Yacyshyn M B, Poppema S, Berg A, MacLean G D, Reddish M A, Meikle A, Longenecker B M

机构信息

Department of Laboratory Medicine, University of Alberta, Edmonton, Canada.

出版信息

Int J Cancer. 1995 May 16;61(4):470-4. doi: 10.1002/ijc.2910610407.

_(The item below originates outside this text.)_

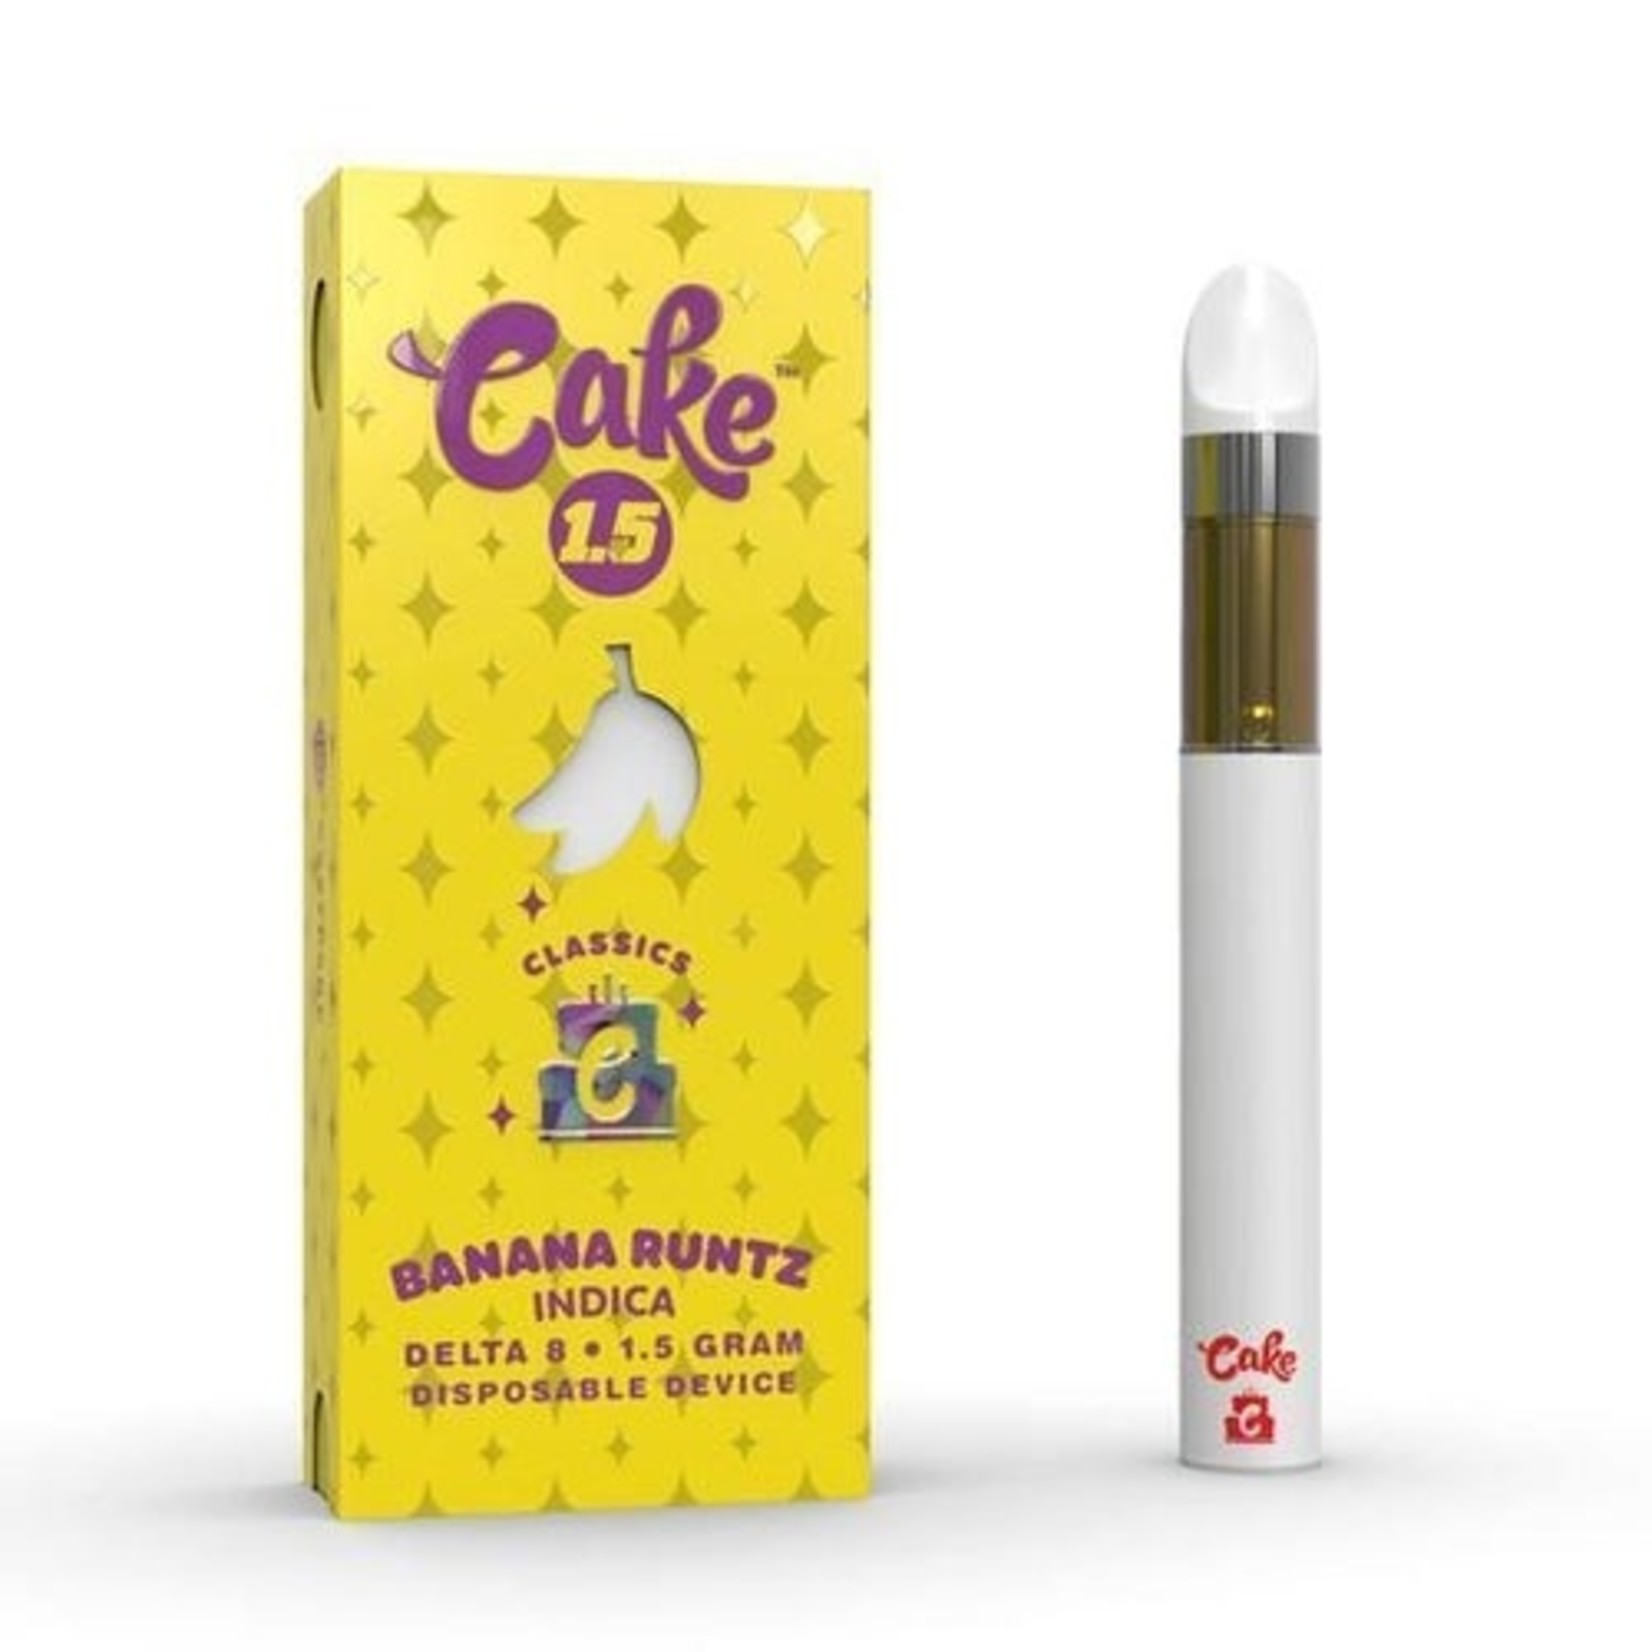 CAKE Cake - Classic Delta 8 Disposable 1.5g Device - Banana Runtz

DOI:10.1002/ijc.2910610407
PMID:7538976
Abstract

Lymphocyte activation markers CD69 and HLA-DR were studied in metastatic breast and ovarian cancer patients who received active specific immunotherapy (ASI) using cancer vaccines containing the synthetic tumor-associated antigen sialyl-Tn or the Thomsen-Friedenreich antigen conjugated to KLH plus DETOX adjuvant. Breast cancer patients who showed prolonged survival following ASI had lower numbers of total CD69+ and CD4+CD69+ cells prior to ASI compared to patients who died. However, following ASI, the surviving patients showed an increase in CD69+ and CD4+CD69+ cells and the deceased patients showed a decrease. A greater than 50% increase in the percentage of cells bearing the activation marker CD69 is associated with an increase in survival in both ovarian and breast cancer patients. In the surviving breast cancer patients there was a significant decrease in the percentage of non-B lymphocyte HLA-DR+ (CD20-HLA-DR+) cells following cyclophosphamide treatment. A strong positive correlation was found between lymphocyte populations CD20- HLA-DR+ and CD8+CD57+, a putative suppressor cell population. Breast cancer patients who showed a greater than median decrease in CD20-HLA-DR+ lymphocytes following cyclophosphamide treatment had a survival advantage over patients who had less than the median decrease in the percent CD20-HLA-DR+ lymphocytes.

摘要

在转移性乳腺癌和卵巢癌患者中研究了淋巴细胞活化标志物CD69和HLA - DR,这些患者接受了主动特异性免疫疗法(ASI),使用含有合成肿瘤相关抗原唾液酸 - Tn或与KLH加DETOX佐剂偶联的汤姆森 - 弗里德赖希抗原的癌症疫苗。与死亡患者相比,ASI后生存期延长的乳腺癌患者在ASI前总CD69 +和CD4 + CD69 +细胞数量较少。然而,ASI后,存活患者的CD69 +和CD4 + CD69 +细胞增加,而死亡患者则减少。活化标志物CD69阳性细胞百分比增加超过50%与卵巢癌和乳腺癌患者的生存期增加相关。在存活的乳腺癌患者中,环磷酰胺治疗后非B淋巴细胞HLA - DR +(CD20 - HLA - DR +)细胞百分比显著下降。在淋巴细胞群体CD20 - HLA - DR +和CD8 + CD57 +(一种假定的抑制细胞群体)之间发现了强正相关。环磷酰胺治疗后CD20 - HLA - DR +淋巴细胞减少大于中位数的乳腺癌患者比CD20 - HLA - DR +淋巴细胞百分比减少小于中位数的患者具有生存优势。